But at last we were to see the Santo Niño for ourselves, and as we left the reception-room and passed down a long corridor, hung with atrocious native paintings of Christian martyrs in every degree of discomfort and uneasiness, through a wide refectory with three great dining tables, the top of each being a solid piece of wood, and finally into the chapel itself, I plead guilty to a distinct thrill of interest in every Protestant pulse.
The chapel was a large, rather bare room, with an altar to the Virgin on one side, and directly opposite it a small shrine painted white and picked out with gold. This shrine was locked, and as one of the little altar boys unfastened the double doors, we noticed the pictures on either side. To the left was Saint Joseph with the child Jesus in his arms; on the right, Mary, sweet and sad-eyed, the premonition of Gethsemane in her tender smile.
When the white doors had been unlocked and lifted off their hinges, a door of silver was discovered. On being opened, it revealed an interior so rich as to surprise a simultaneous exclamation of delight from us all. Gold and silver predominated in the decorations, and in the midst of this splendour stood a little figure about twelve or fourteen inches high, its back turned toward us as it faced the dark interior of the church so far below. A pale blue curtain was drawn over the front of the shrine, but we fortunate ones in the little chapel were looking at the Holy Child more intimately; from the back, to be sure, but so close that we could have touched him with our hands.

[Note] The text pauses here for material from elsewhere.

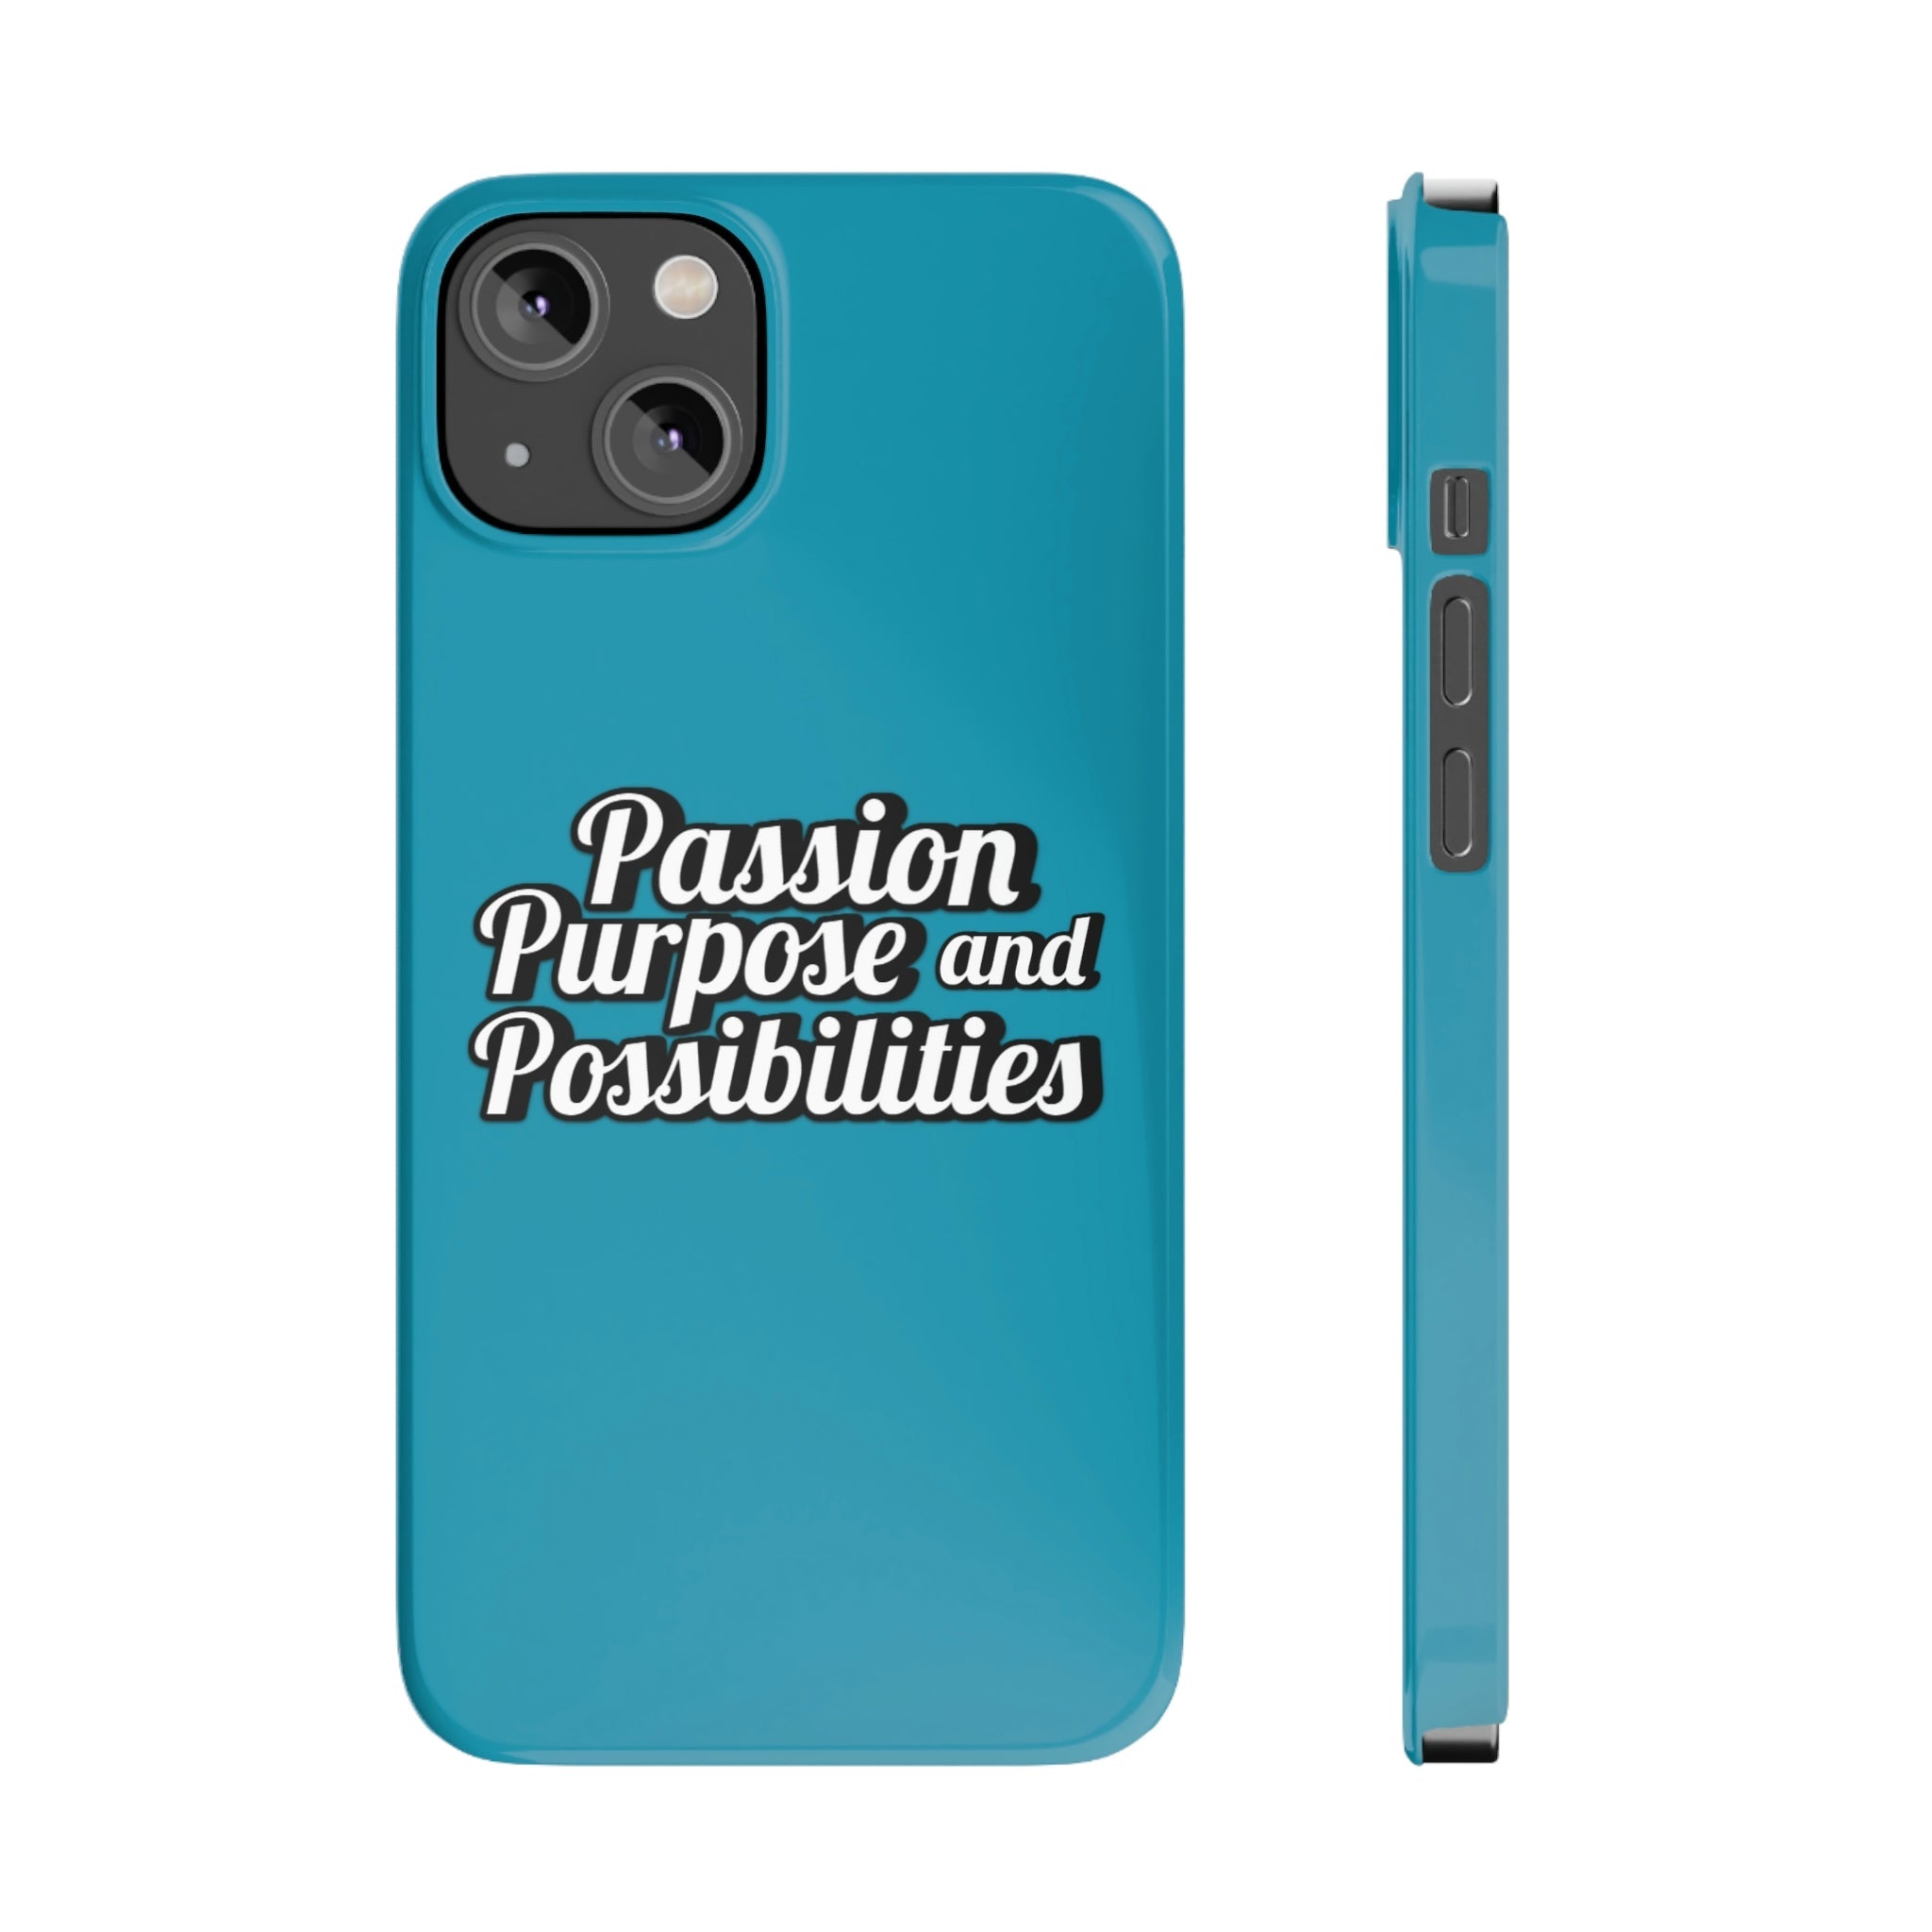 Passion Purpose and Possibilities Slim Phone Cases - The Kindness Cause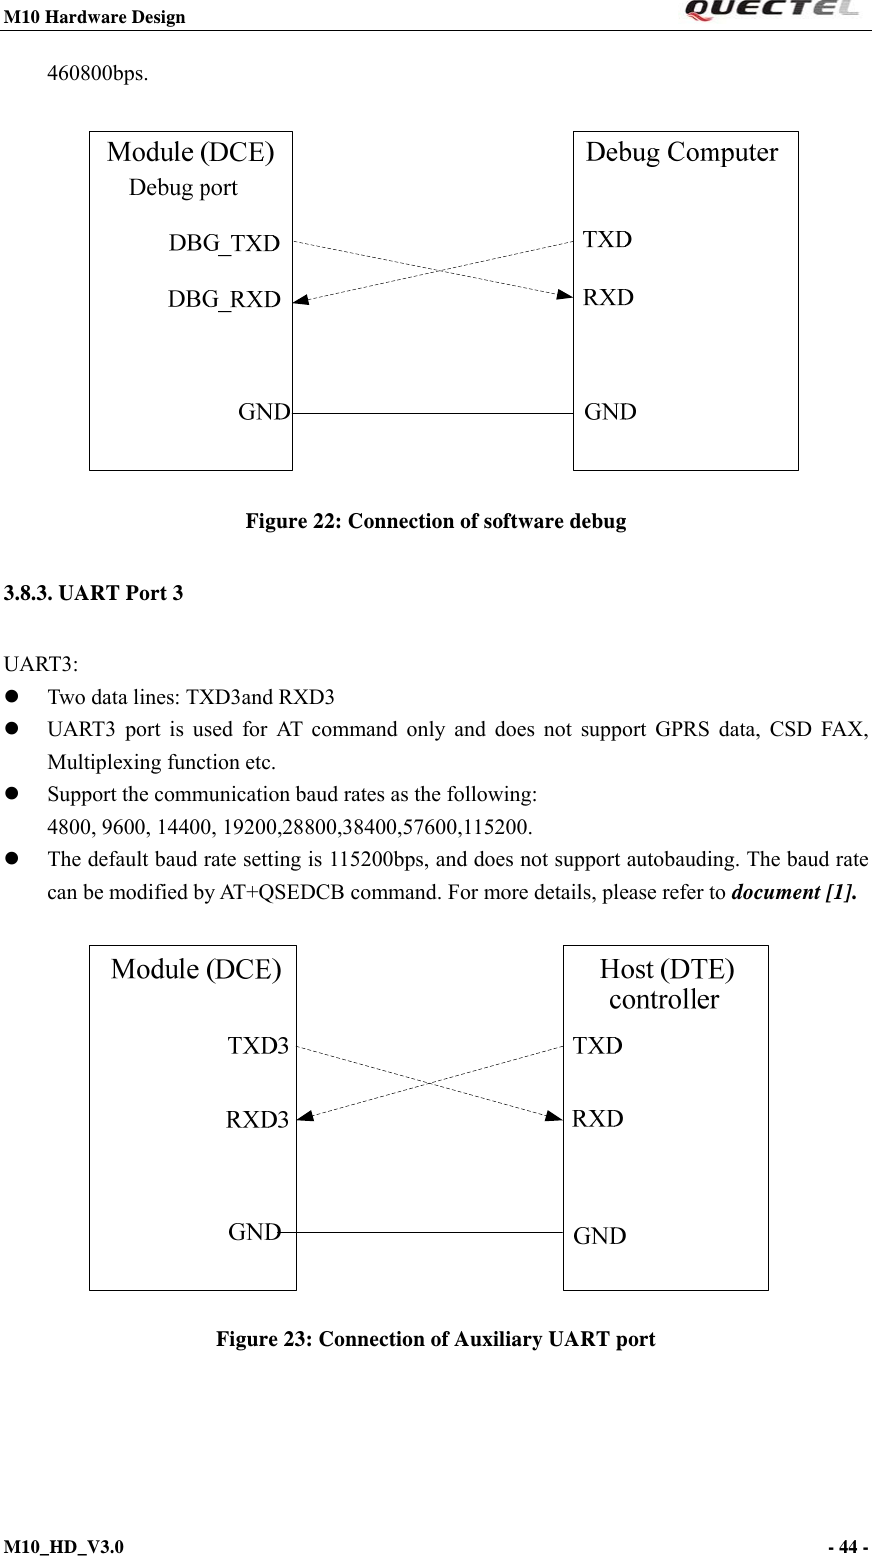 M10 Hardware Design                                                                 M10_HD_V3.0                                                                      - 44 -  460800bps.    Figure 22: Connection of software debug3.8.3. UART Port 3 UART3:  Two data lines: TXD3and RXD3  UART3 port is used for AT command only and does not support GPRS data, CSD FAX, Multiplexing function etc.    Support the communication baud rates as the following: 4800, 9600, 14400, 19200,28800,38400,57600,115200.  The default baud rate setting is 115200bps, and does not support autobauding. The baud rate can be modified by AT+QSEDCB command. For more details, please refer to document [1].   Figure 23: Connection of Auxiliary UART port

On the day of our visit the little figure was attired in a flowing coronation robe of crimson velvet, richly encrusted with elaborate gold embroidery, and while we were admiring this work of art, the priest slowly and very reverently turned the Holy Child around on his pedestal until he faced us squarely.
He is not beautiful—the Santo Niño—nor does he even faintly resemble our conception of the Christ-child. His face is flat and lifeless, carved very roughly out of some dark wood, which, when contrasted with his rich vestments and ornamentation, seems strangely incongruous. From out of this brown face, eyes painted a vivid blue stare straight into one’s own. Around his cheeks fall golden curls. This is not a figure of speech, but a reality, for the curls are of solid metal, the locks of hair being pressed into it like the china hair on the dolls of our childhood.
These golden locks were surmounted by a golden crown. In one wooden hand he held a golden globe with the cross of Catholicism above it, and in the other a golden staff, both of his hands being covered by long golden gauntlets. Right under his feet, which I have no doubt were booted in that precious metal, although they were hidden by the coronation robe, was a gold encrusted medallion containing the tiny bone relics of eight Christian martyrs. Never have I seen anything so barbarically splendid as that little Santo Niño, with his brown wooden face and bright blue eyes, for all the shining metal surrounding him was real, and not a specious tinsel masquerading as something of value.
Legend has it that originally, when the Santo Niño was a Visayan idol, it, too, was made of gold, and not of wood as it is to-day. It seems that after its conversion to Catholicism, on Magellan’s arrival in Cebu, it was sent to Spain at the request of that pious king, Charles the Fifth, where many extraordinary performances were accredited to it, perhaps the most miraculous and unaccountable thing of all being that on its return to Cebu, the people found it had changed itself en route from gold to wood, a reversal of alchemy strangely defective in wisdom on the part of the Santo Niño. Though, indeed, the transmutation may have been entirely without his volition, in which case it is small wonder that the Holy Child objected so strongly to a subsequent visit on the Continent.
At one side of this very elaborate shrine of gold and silver stood a small tin box in which one was expected to place his contribution to the Santo Niño. We paid handsomely for our glimpse of it, saw the little figure turned slowly around on its pedestal so that it again faced the church below, saw the silver door locked and the two white removable outside doors placed in position, and then somewhat reluctantly left.
Once down the broad stairway of the convento, whose massive hand-rail of carved ebony would make the heart of a collector leap for joy, we stepped into the church where many natives knelt in prayer, glancing up reverently now and then at the tiny shrine so far above their heads. In front of it the blue silk curtains were fast drawn, for except on holy days, it takes at least a peso to see the Santo Niño face to face.
On the following morning two of the padres from the convento returned our call, and evinced the most satisfying interest in all that was shown them aboard ship. Everything delighted them, and they even gathered up the long skirts of their cassocks, and grasped their birettas firmly in one hand, preparatory to descending into the noisome cable-tanks, should it be demanded of them. When the ship had been inspected, we all returned to the quarter-deck, where refreshments were served, the while we showed our guests some photographs of America.